== WHAT IS BEING ASKED ==
Take the line with "SIDEWALK SALE - Ascaso" as the first and the last line of the data as the end. Write out both and every line between exactly, except pictures.

== DATA BELOW ==

=======

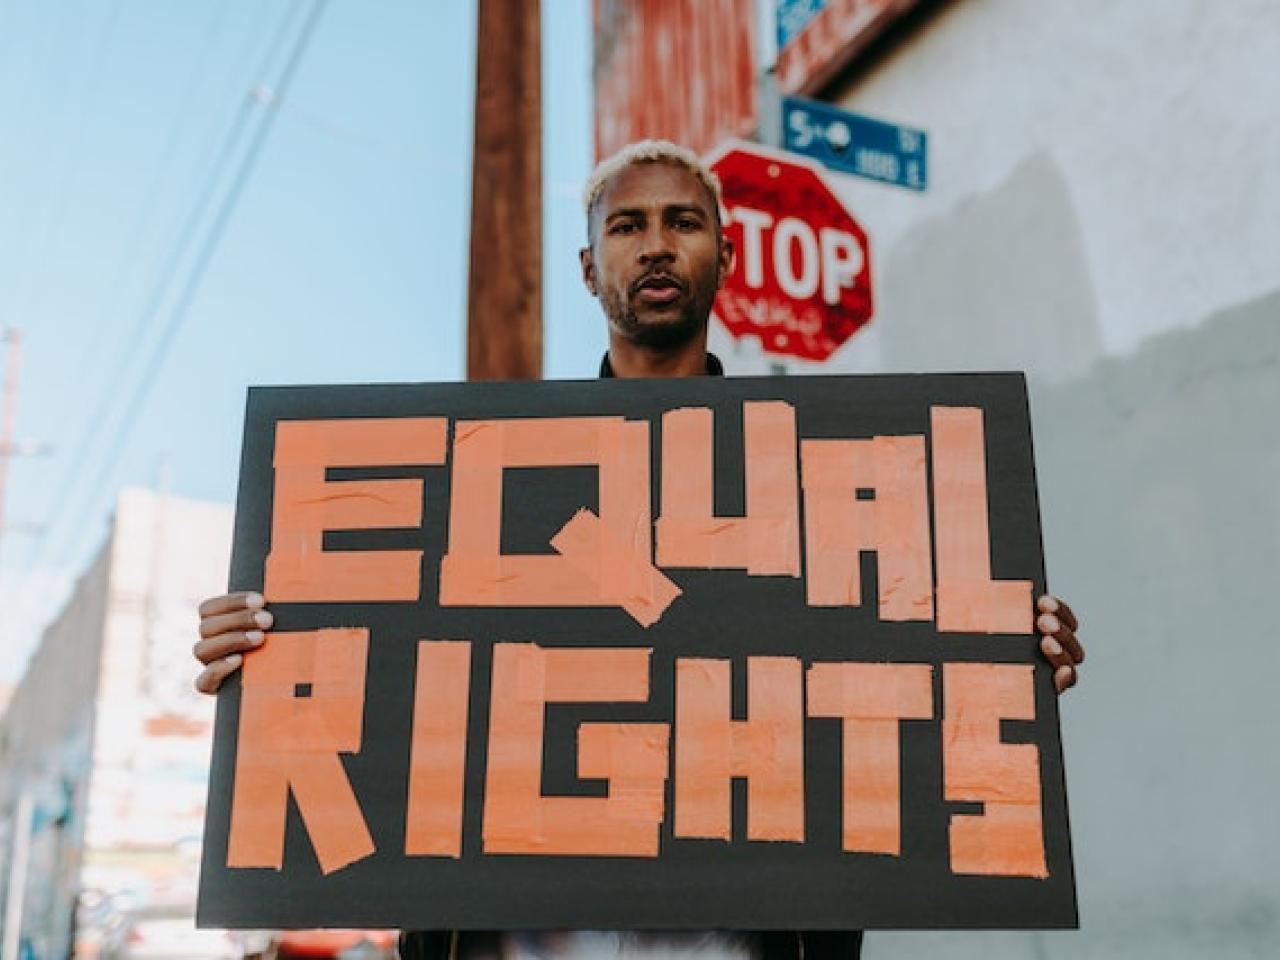 A man is holding up a homemade sign that says "equal rights". There is a stop sign and a cityscape behind him.
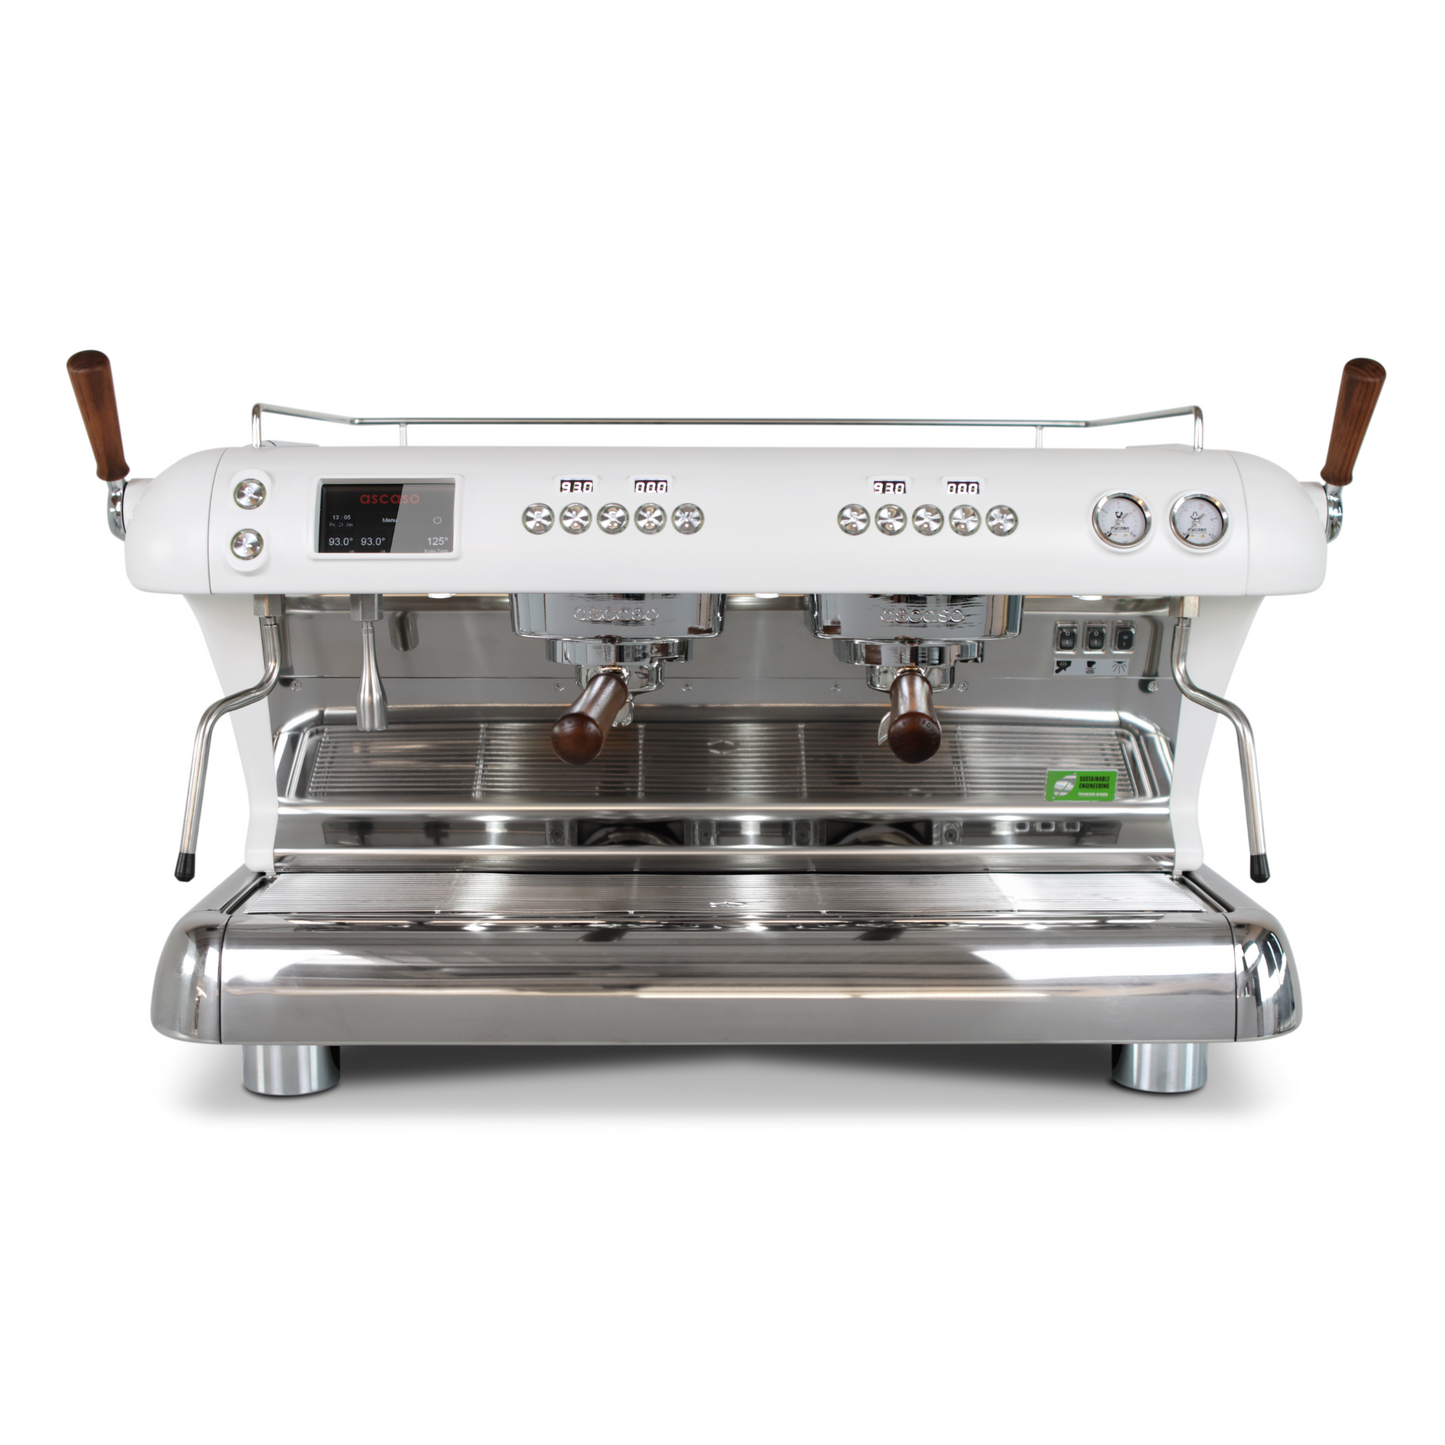 SIDEWALK SALE - Ascaso Bar 1 Group Commercial Espresso Machine - Tank Only,  110V CLEARANCE (C503)
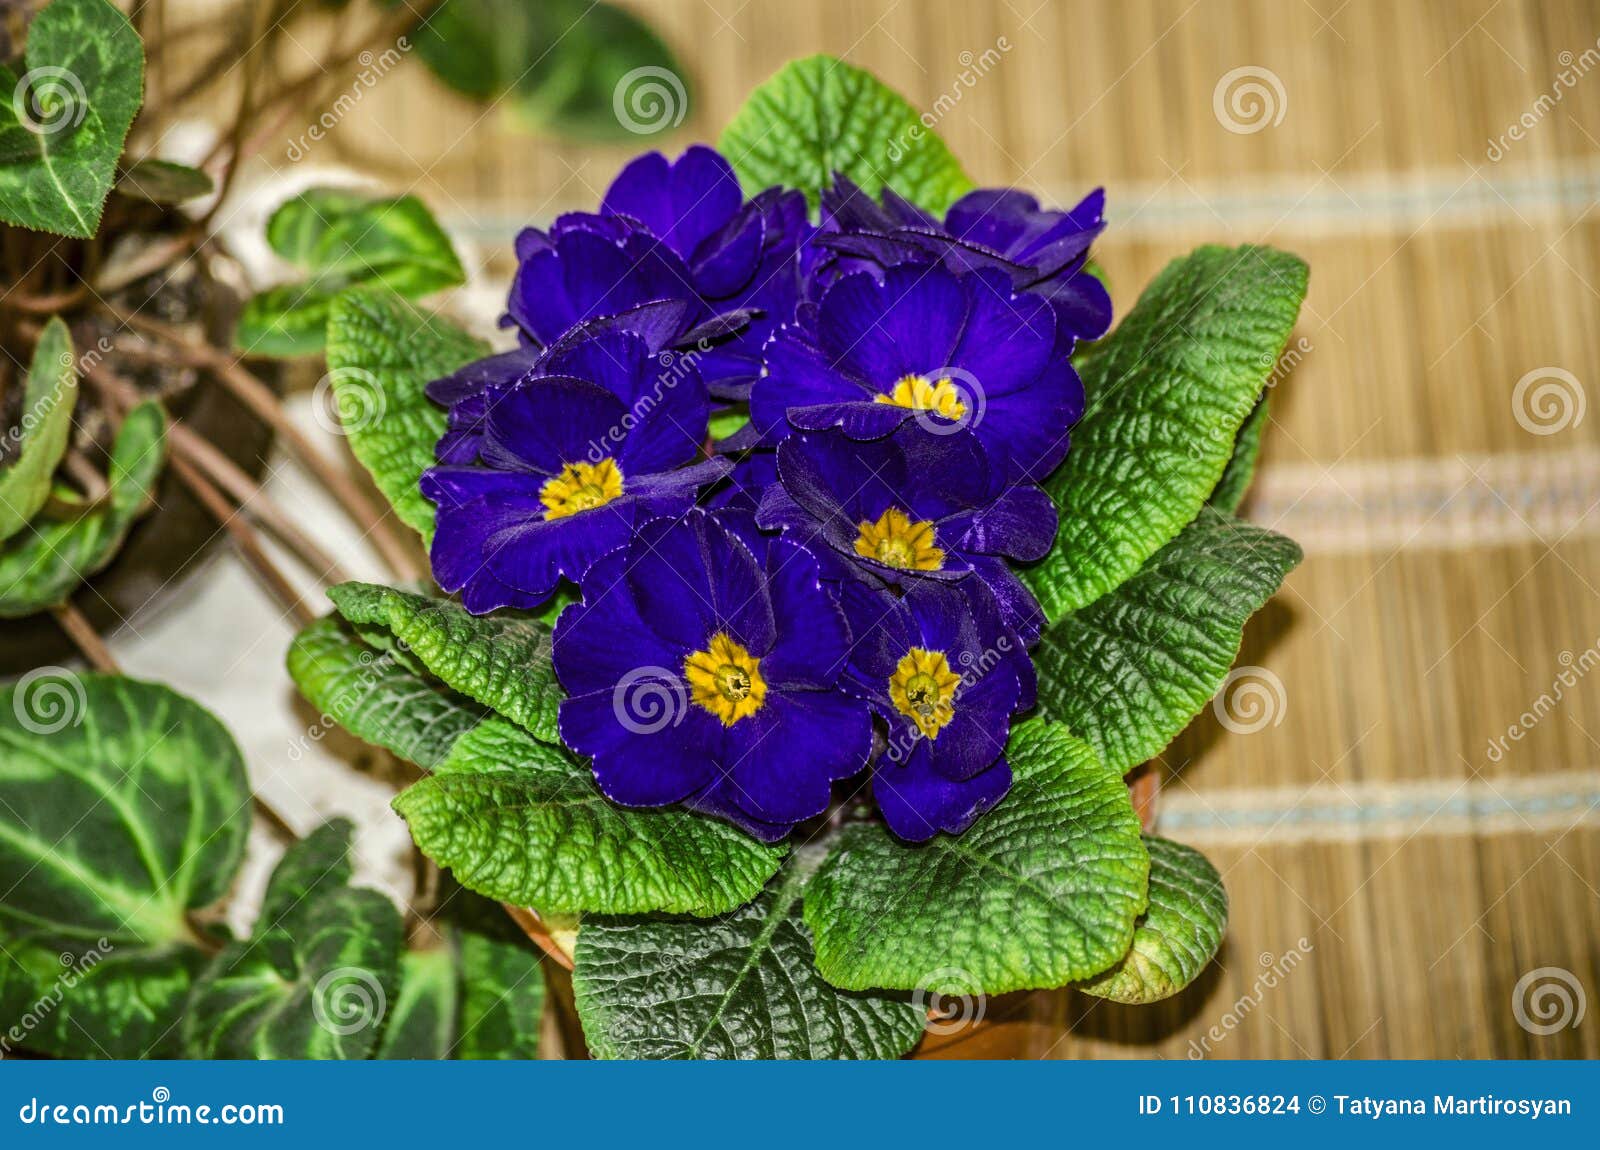 Purple flower with yellow center indoor plant

=======

== YOUR RESPONSE ==
 SIDEWALK SALE - Ascaso Bar 1 Group Commercial Espresso Machine - Tank Only,  110V CLEARANCE (C503)
 Purple flower with yellow center indoor plant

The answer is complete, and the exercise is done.